-- Work instructions --
Give all the lines below again, exactly, with no pictures.

-- Data shown --
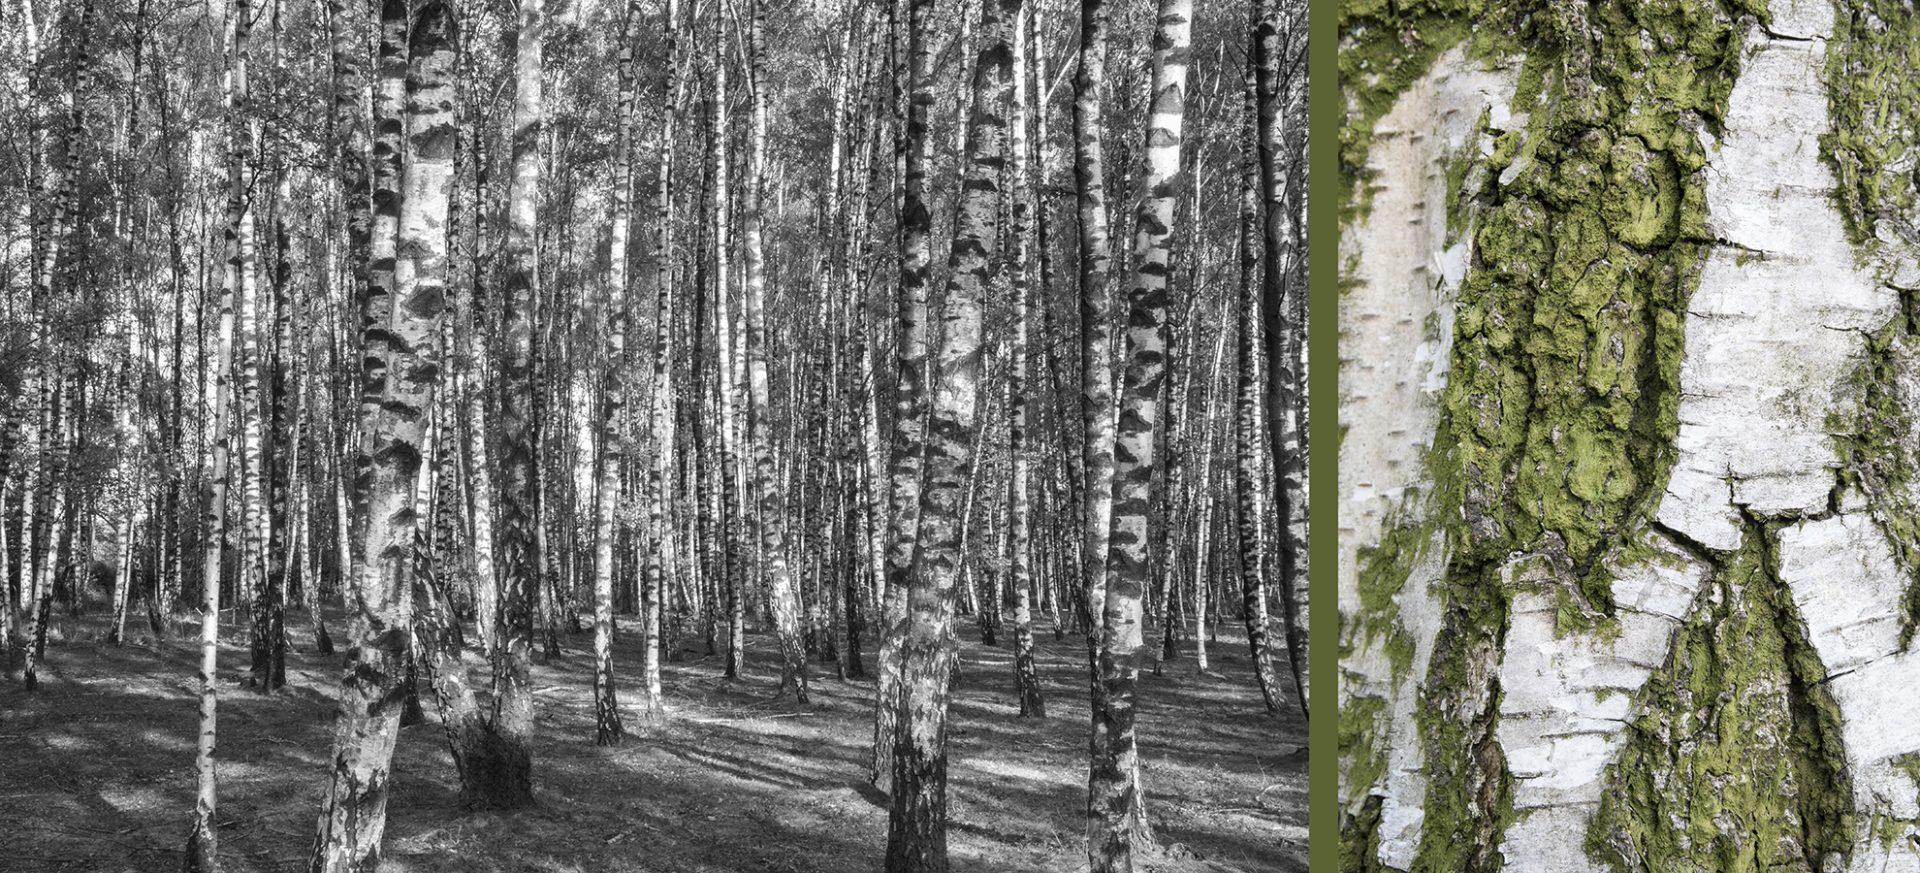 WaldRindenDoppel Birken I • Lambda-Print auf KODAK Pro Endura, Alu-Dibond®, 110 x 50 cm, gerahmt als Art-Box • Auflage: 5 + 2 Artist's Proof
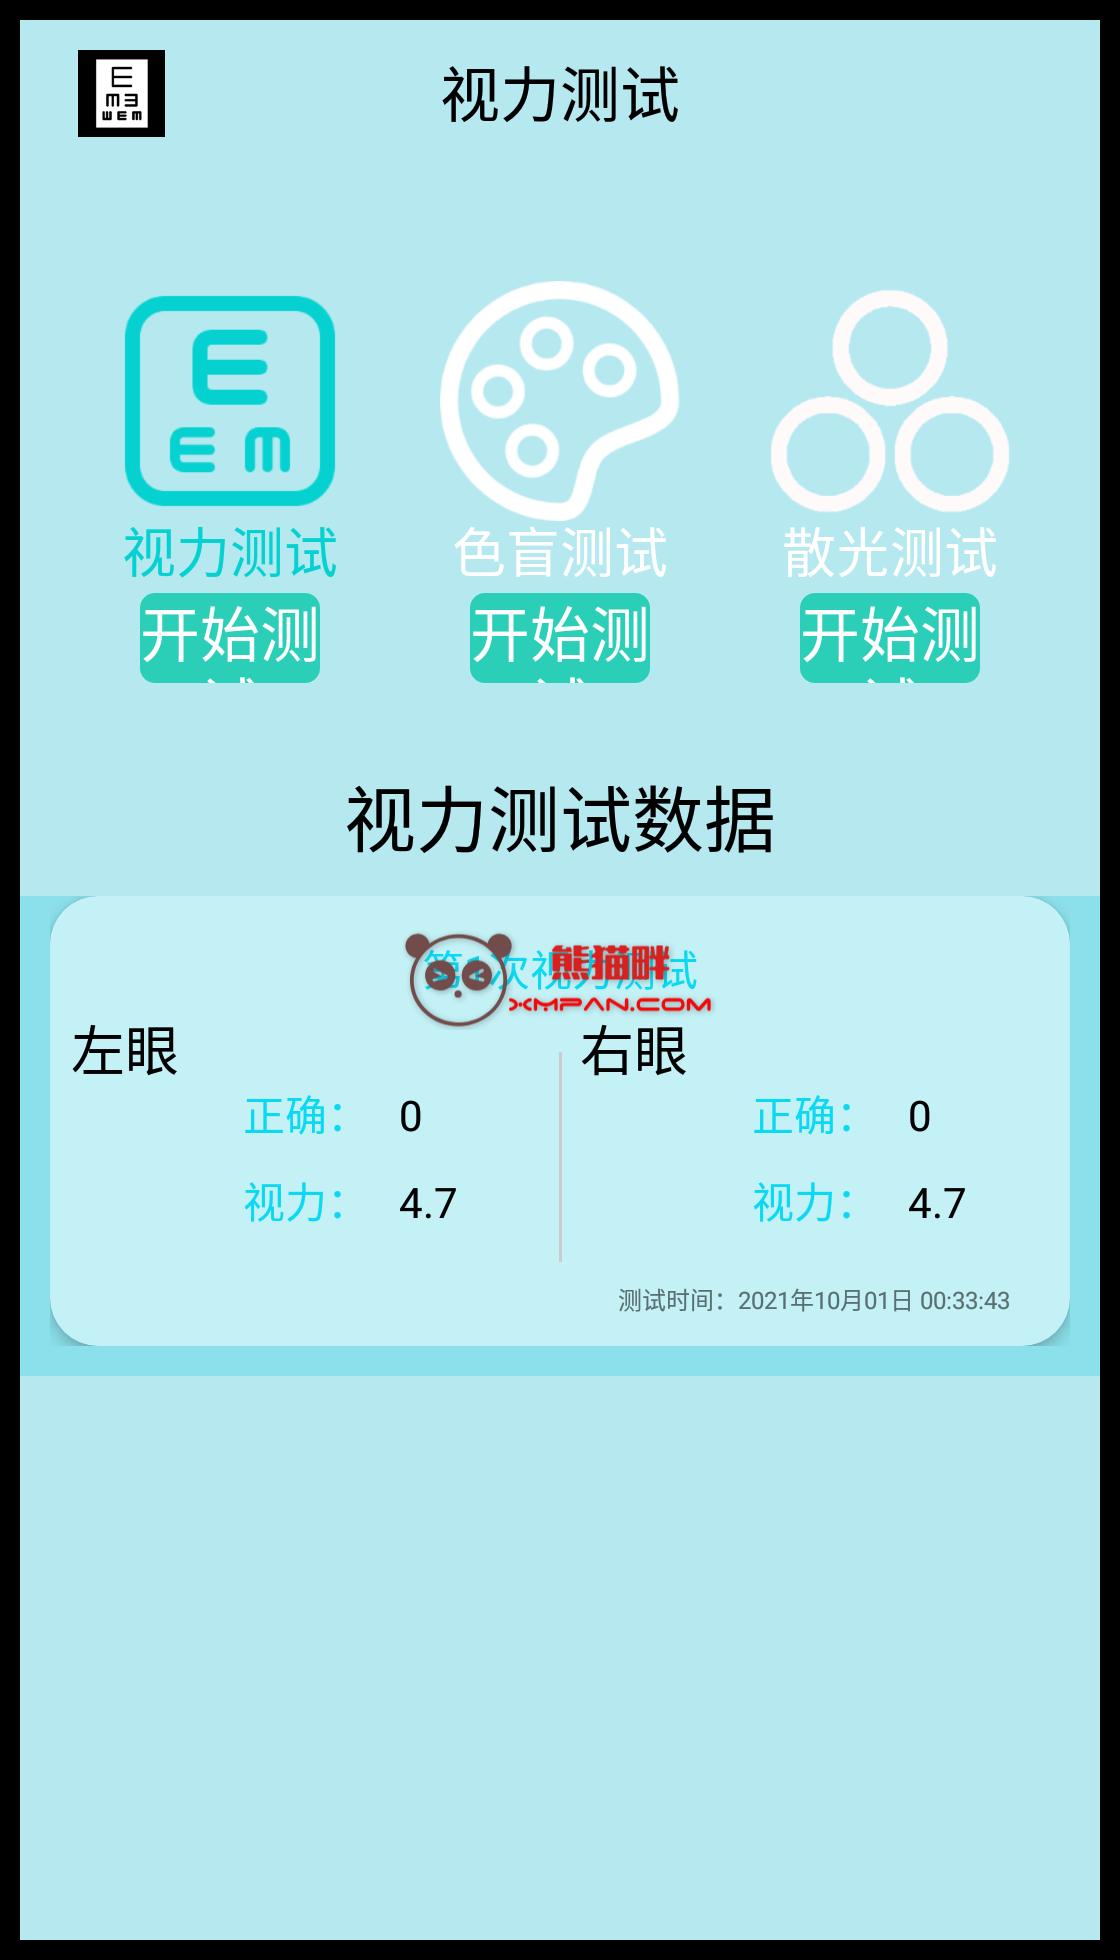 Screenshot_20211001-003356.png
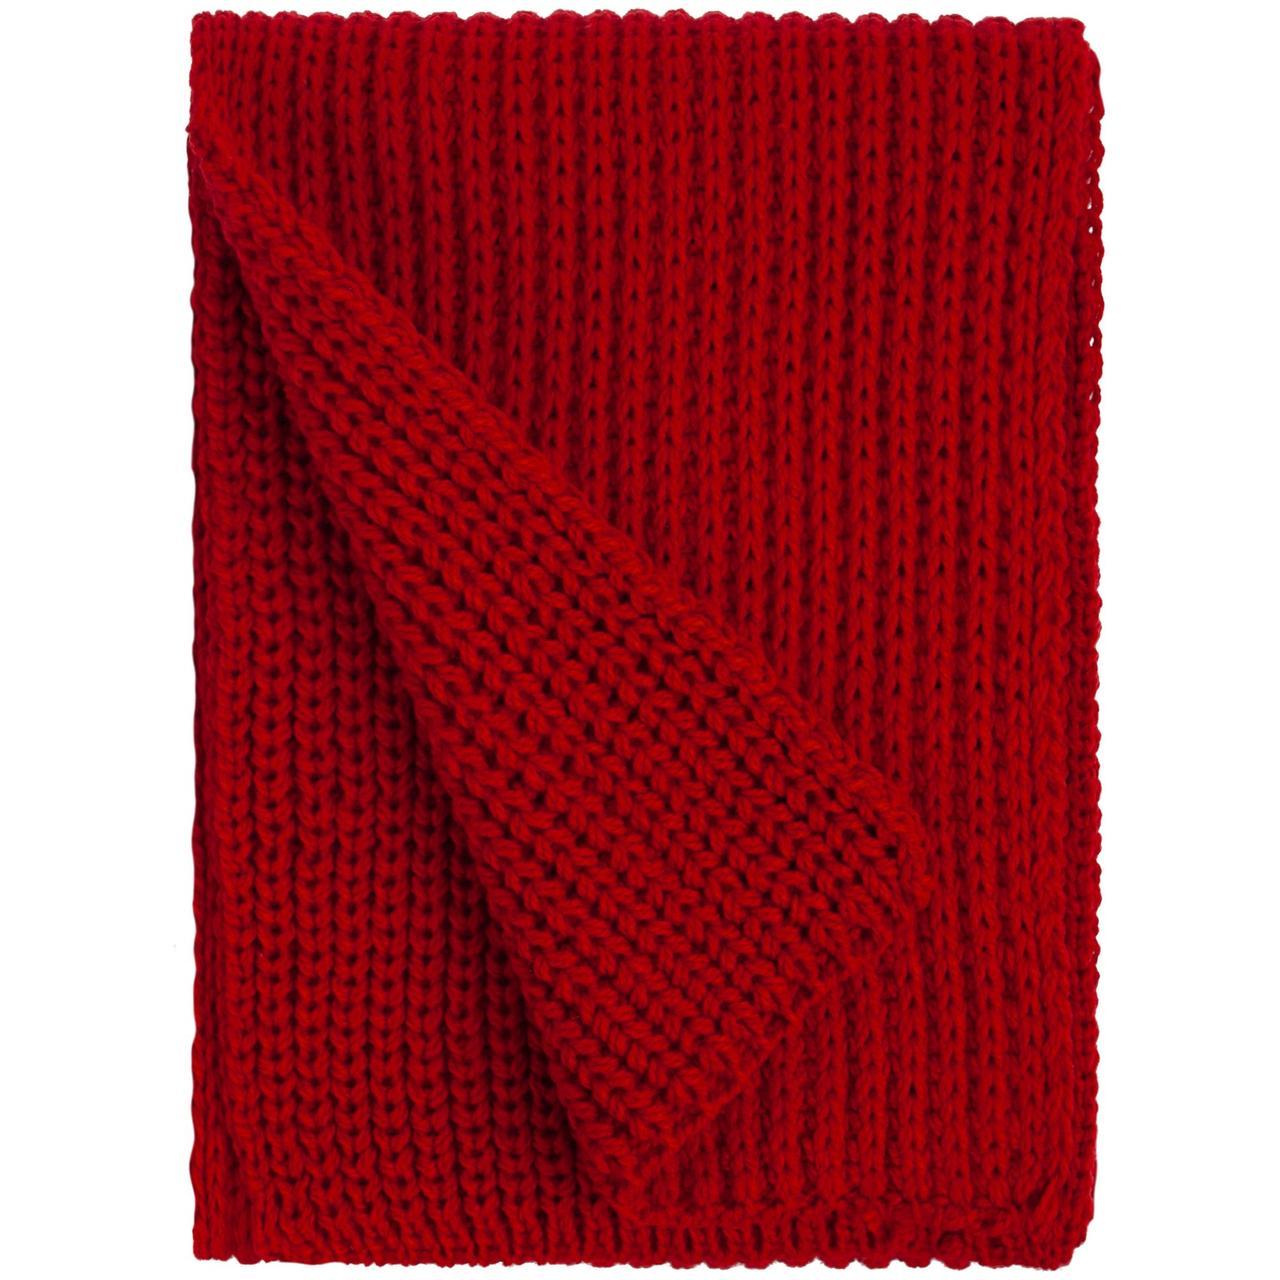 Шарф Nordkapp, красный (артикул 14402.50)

-- Your solution --
 WaldRindenDoppel Birken I • Lambda-Print auf KODAK Pro Endura, Alu-Dibond®, 110 x 50 cm, gerahmt als Art-Box • Auflage: 5 + 2 Artist's Proof
 Screenshot_20211001-003356.png
 Шарф Nordkapp, красный (артикул 14402.50)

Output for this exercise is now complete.